My question is based on information that you are asked to deduce for yourself to confidently answer question #10 of Ralph P. Grimaldi's Discrete and Combinatorial Mathematics An Applied Introduction (5th Edition).
The question is:
The connected undirected graph $G=(V,E)$ has 30 edges. What is the maximum value that $|V|$ can have?
From what is written in the text I can sort of deduce that Theorem 12.3:
In every tree $T=(V,E), |V|=|E|+1$
will have something to do with it. However I would need to deduce that $G$ is a tree first.
My idea is to use the fact that if $G$ is planar and connected, then $v-e+r=2$ where $|V|=v$ and $|E|=e$ and $r$ is the number of regions made by the planar graph. To maximize $v$, minimize $r$. The smallest $r$ can be is 1 (zero inner regions, there is always 1 outer region). Then $v=e+2-1=e+1.$
If G is connected and nonplanar, then remove as many edges as necessary to make G planar. $|E|=30-k$ for our particular example, however we can make $|E|$ arbitrary. Then again, $v=e-k+2-1=e-k+1,$ for $k\geq1$, thus $v$ is smaller.
Since $G$ can be connected and either planar or nonplanar, the maximum number of $|V|$ is $|E|+1.$ And $G$ being connected and having $|V|=|E|+1$ is equivalent to $G$ being a tree.
Am I on the right track? Or are my assumptions about planar and nonplanar too swift?

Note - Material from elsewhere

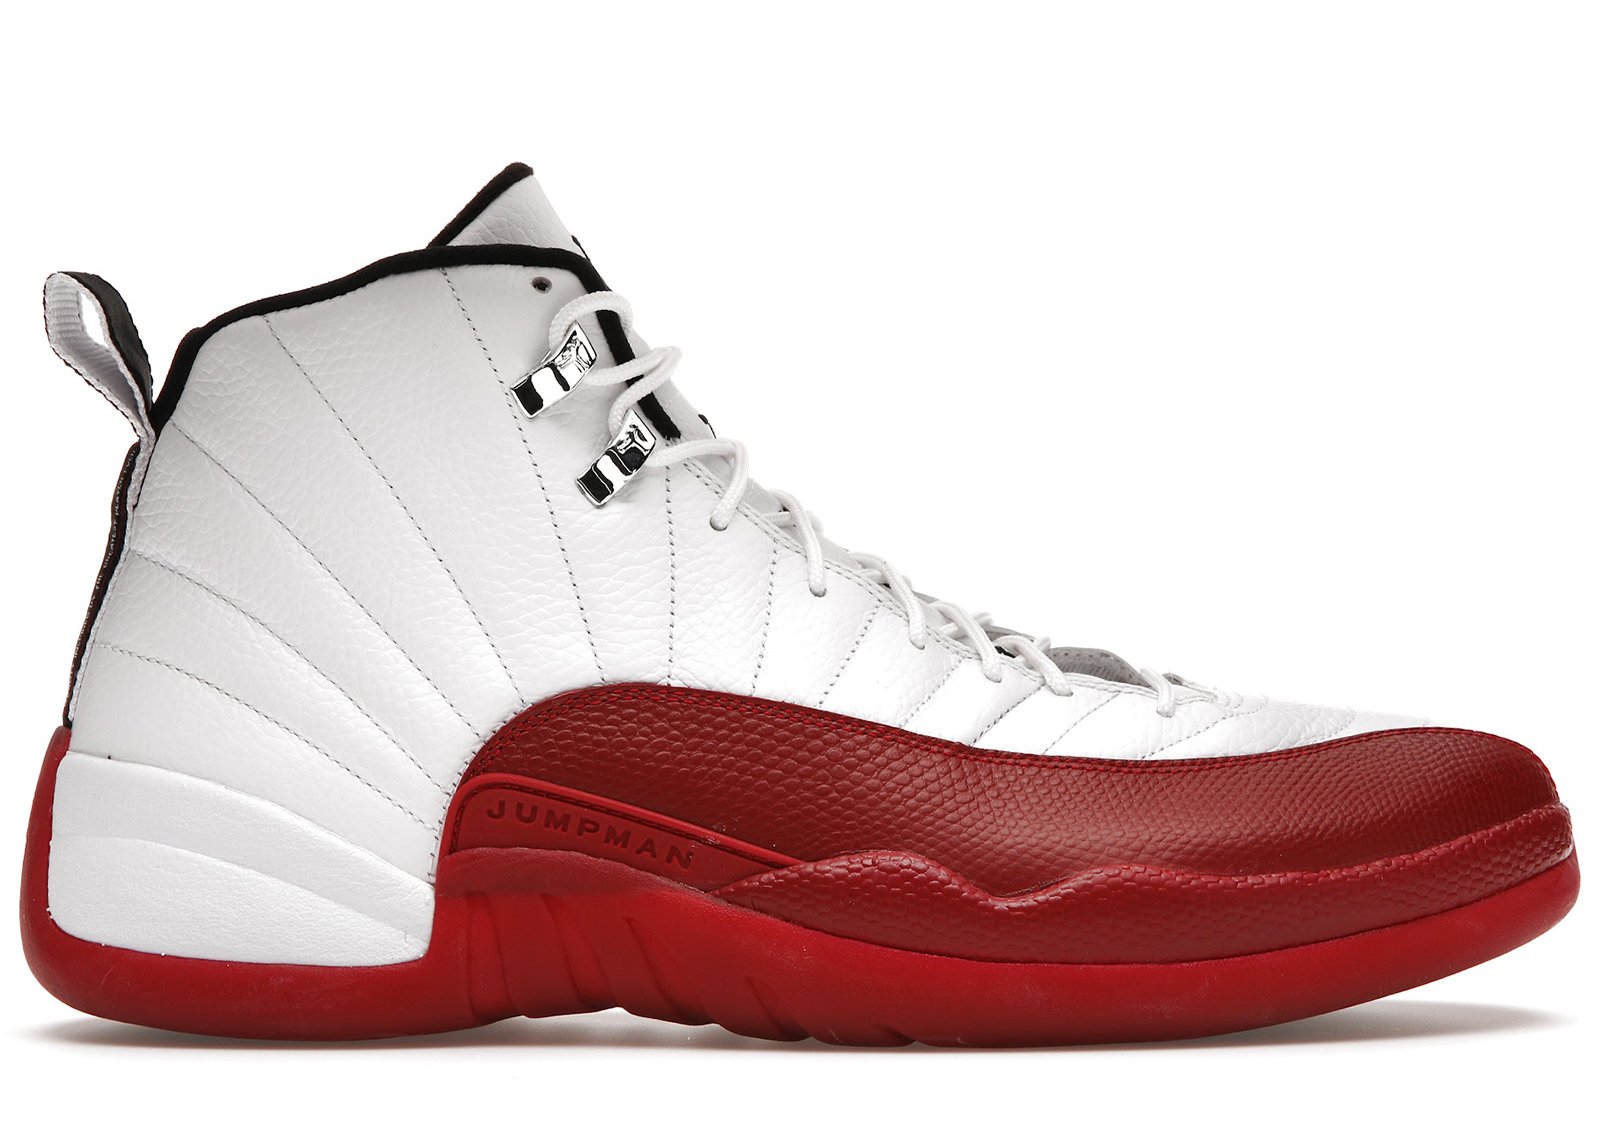 Jordan 12 Retro Cherry (2009) sneakers

The planarity seems irrelevant for the problem, but here is one way to look at it:
Given $m$ "vertex-less" edges you can add at most $2m$ vertices (-> $m$ disjoint edges) but you want to maximize $|V|$ while staying connected. Look at it as an algorithm, a step by step process of adding vertices. For the first edge, you have no choice but to give it $2$ vertices. For the second edge you have to add at least one vertex to it (supposing multiple edges are forbidden), but adding $2$ would produce a disjoint edge. For all the subsequent edges, you can add between $0$ and $2$ vertices to each edge. Adding $2$ is illegal because it disconnects the graph, adding $1$ is possible at each step, so you do it (you want to maximize $|V|$).
This produces $2+(m-1)\cdot1=m+1$ vertices.